Добравшись до восточного края лагеря, он подошел к одной из палаток и постучал по крепежному шесту, прося разрешения войти.
Полог палатки резко хлопнул; оттуда высунулась Хелен, жена Джоада. Стоя в проеме, она смерила Эрагона холодным взглядом:
— Ты, я полагаю, с ним пришел поговорить?
— Если он дома. — Эрагон прекрасно знал, что Джоад дома, потому что мог читать его мысли столь же отчетливо, как и мысли Хелен.
На мгновение ему показалось, что она сейчас скажет, что мужа нет дома, однако она, пожав плечами, пропустила его внутрь.
Джоад сидел возле лежанки, служившей ему постелью, но даже одеяла на ней не было видно, так она была завалена всевозможными свитками, книгами и листками бумаги.
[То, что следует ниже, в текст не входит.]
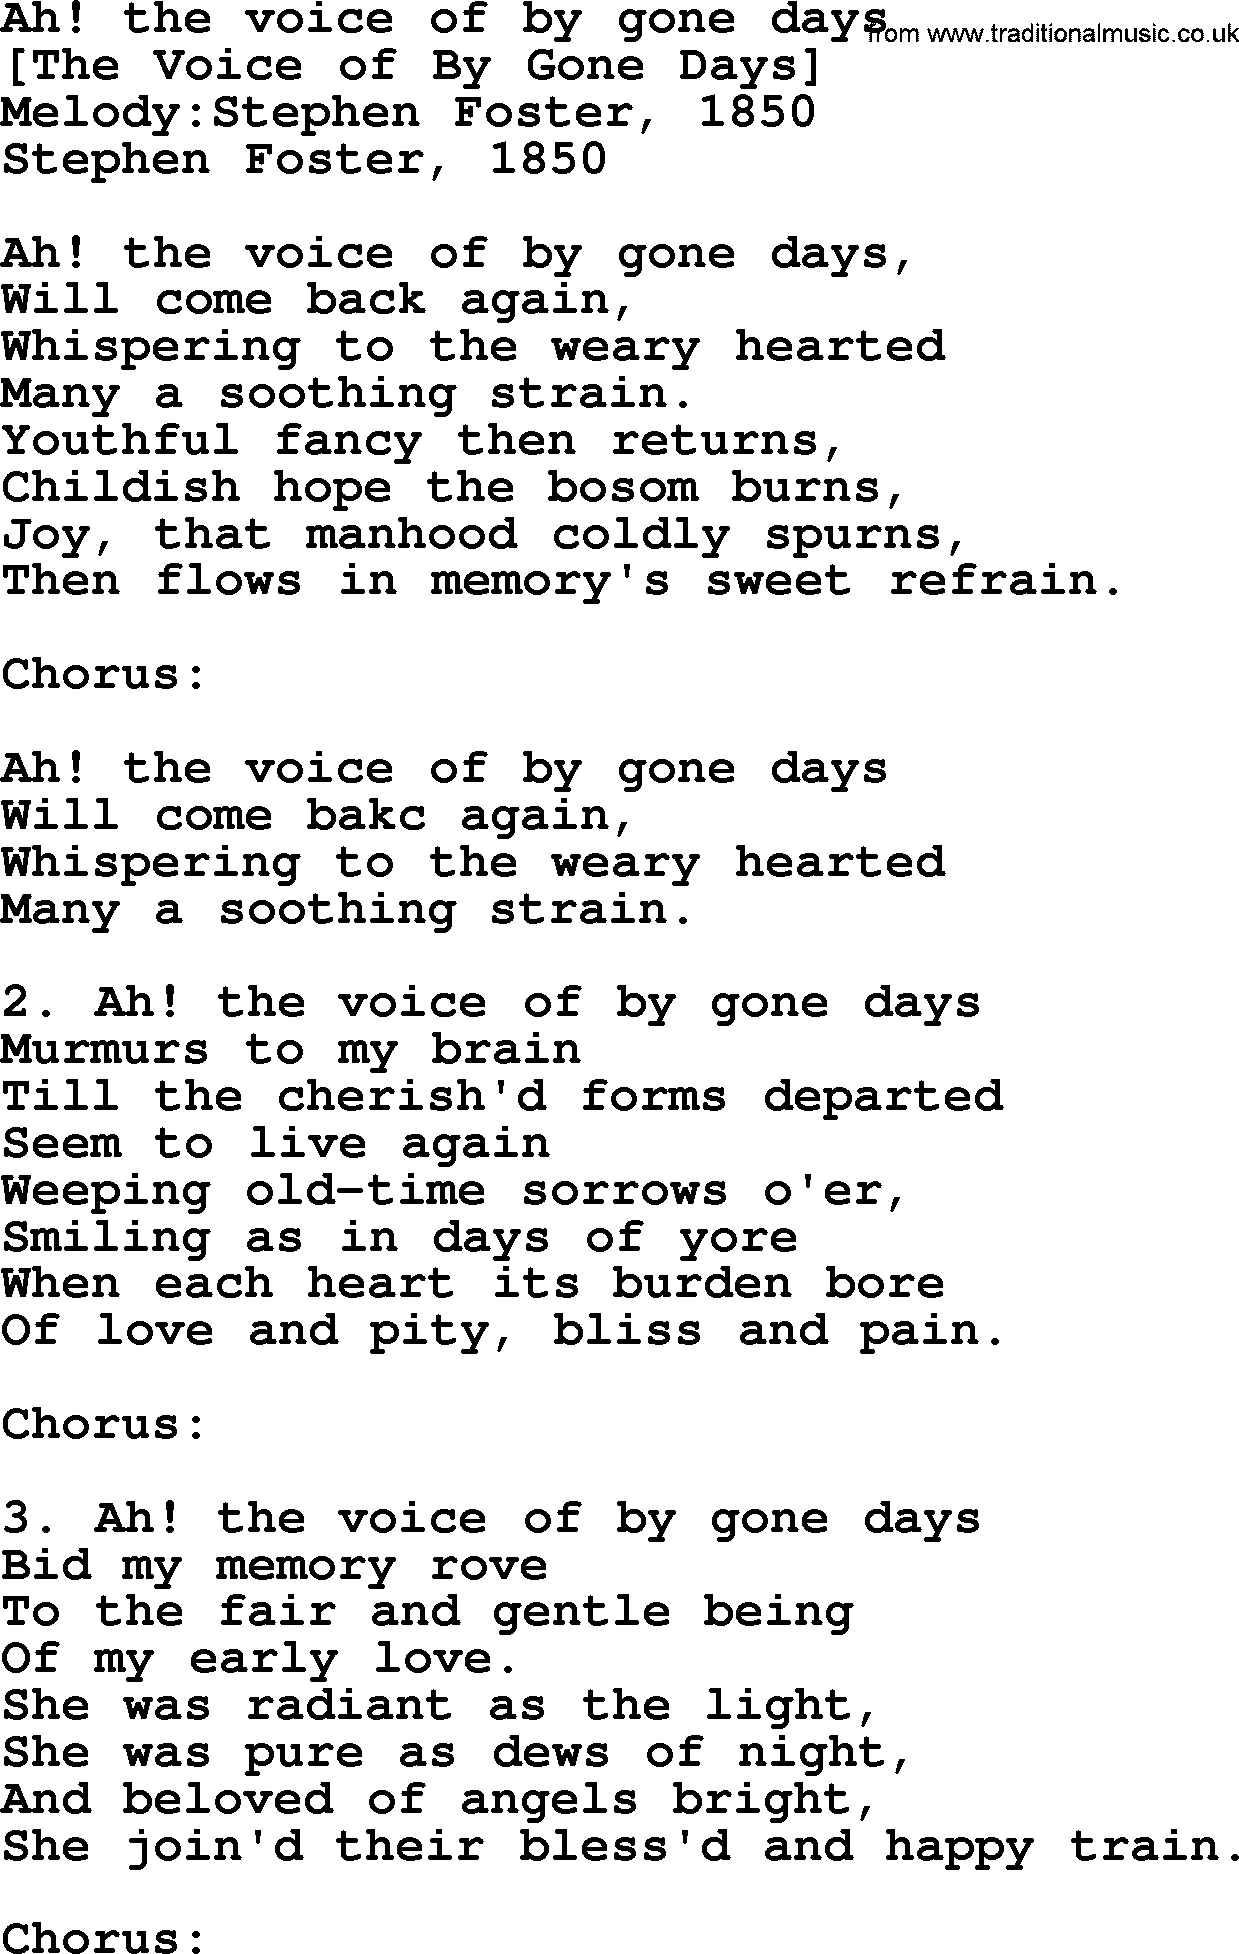 Old American Song: Ah! The Voice Of By Gone Days, lyrics

Тонкая прядь волос свисала Джоаду на лоб, повторяя изгибы страшного шрама, тянувшегося от макушки к левому виску.
— Эрагон! — радостно вскричал он, и его напряженно-сосредоточенное лицо разом просветлело. — Входи, входи, рад тебя видеть! — Он пожал Эрагону руку и пододвинул к нему табурет. — Вот, садись, а я устроюсь на кровати. Нет. нет, ты гость. Может, хочешь перекусить или выпить? Насуада выдает нам дополнительные продукты, так что не думай, что из-за тебя нам голодать придется. Это, конечно, довольно жалкое угощение по сравнению с тем, чем мы могли угостить тебя в Тирме, но, с другой стороны, кто же, идя на войну, рассчитывает есть от пуза? Никто, даже сам король!
— Я бы с удовольствием выпил чаю, — сказал Эрагон.
— Чаю с печеньем. — Джоад посмотрел на Хелен.
Подхватив с земли чайник, она прижала его к бедру, поднесла к соску бурдюка, висевшего в дальнем конце палатки, и нажала на бурдюк. Струйка воды, дребезжа, полилась в чайник, и Хелен чуть прижала сосок, уменьшая струю. При этом вид у нее был крайне недовольный, словно она была занята какой-то чрезвычайно неприятной работой, а тонюсенькая струйка воды все дребезжала, не в силах наполнить сосуд хотя бы до половины; эти звуки, казалось, кого угодно могли свести с ума.